The rebounder in basketball has a vertical leap (that is, the vertical movement of a fixed point on their body) of 120 cm . What is his initial "launch" speed off the ground?
To determine the initial "launch" speed of the rebounder, we can use the concept of conservation of energy. The rebounder's initial potential energy when standing on the ground is converted into kinetic energy as they leave the ground.
The potential energy (PE) of an object at a certain height h is given by the equation:
PE = m * g * h
Where m is the mass of the object, g is the acceleration due to gravity (approximately 9.8 m/s²), and h is the height.

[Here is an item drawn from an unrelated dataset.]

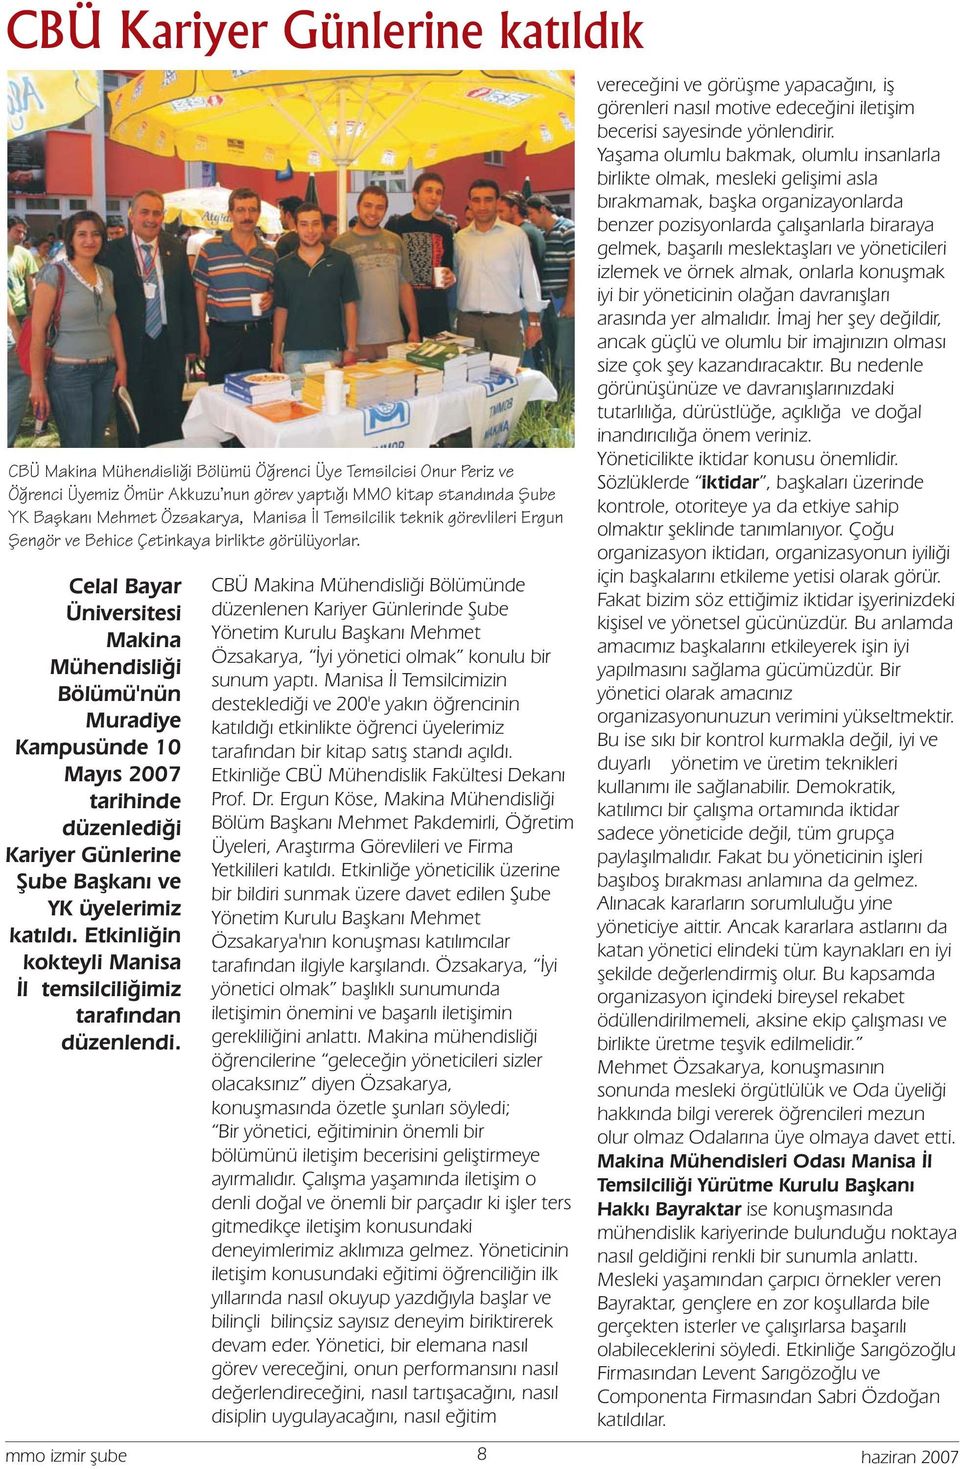 Celal Bayar Üniversitesi Makina Mühendisliği Bölümü'nün Muradiye Kampusünde 10 Mayıs 2007 tarihinde düzenlediği Kariyer Günlerine Şube Başkanı ve YK üyelerimiz katıldı.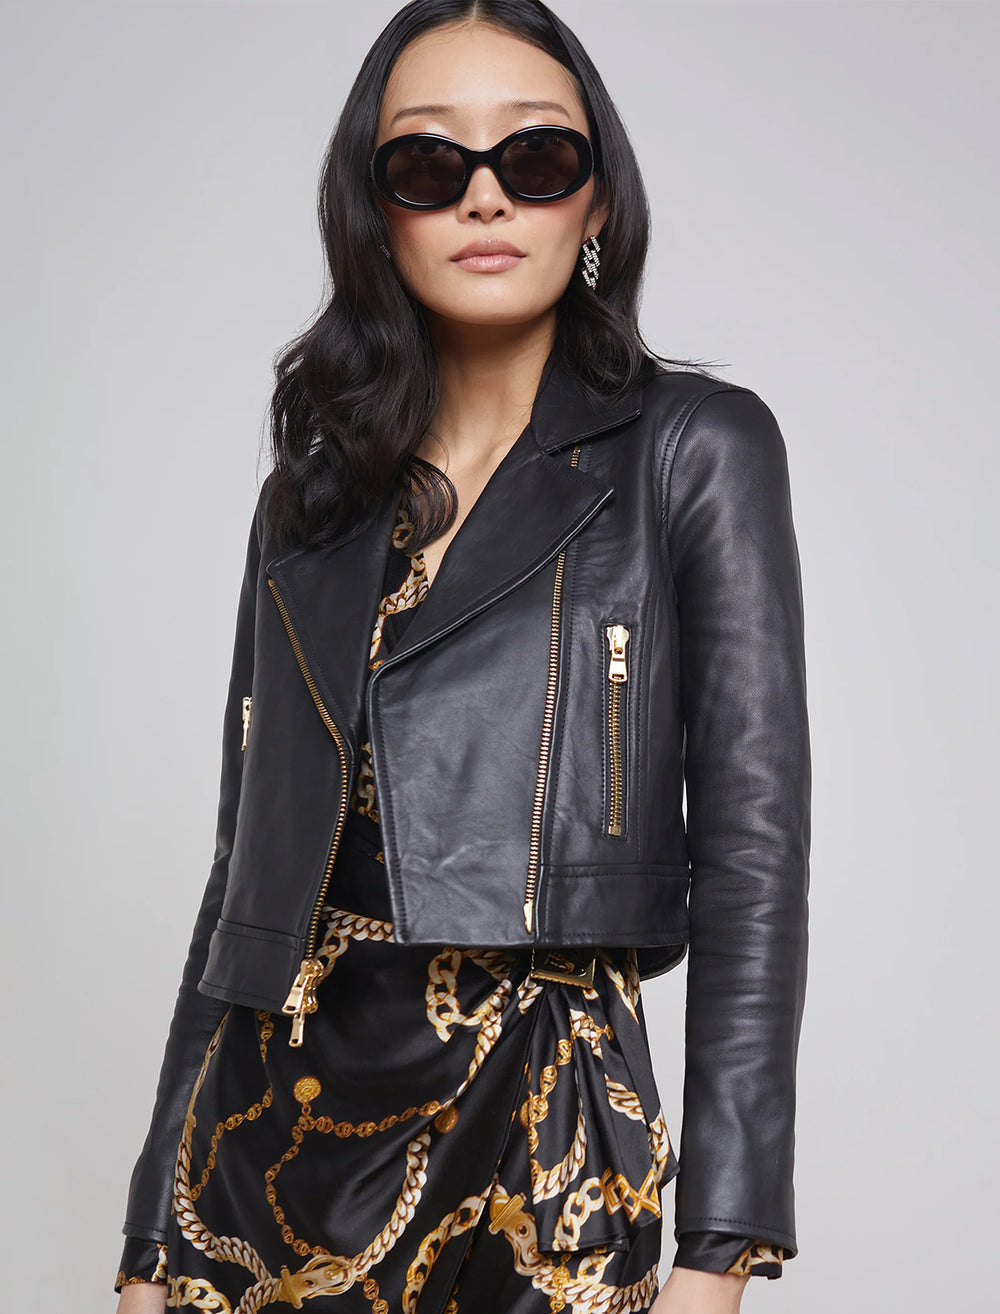 Model wearing L'agence's onna cropped biker jacket in black.

In this case, we need to convert the vertical leap of 120 cm to meters by dividing by 100:
h = 120 cm / 100 = 1.20 m
Now, we can calculate the potential energy of the rebounder at the highest point of the leap:
PE = m * g * h
The kinetic energy (KE) of an object is given by the equation:
KE = (1/2) * m * v^2
Where v is the velocity of the object.
At the highest point of the leap, the rebounder will have no potential energy left, so the initial potential energy is equal to the final kinetic energy:
PE = KE
m * g * h = (1/2) * m * v^2
Since the mass of the rebounder cancels out, we can solve for v:
g * h = (1/2) * v^2
2 * g * h = v^2
v^2 = 2 * g * h
v = √(2 * g * h)
Now, substitute the known values:
v = √(2 * 9.8 m/s² * 1.20 m)
v = √(23.52 m²/s²)
v ≈ 4.85 m/s
Therefore, the rebounder's initial "launch" speed off the ground is approximately 4.85 m/s.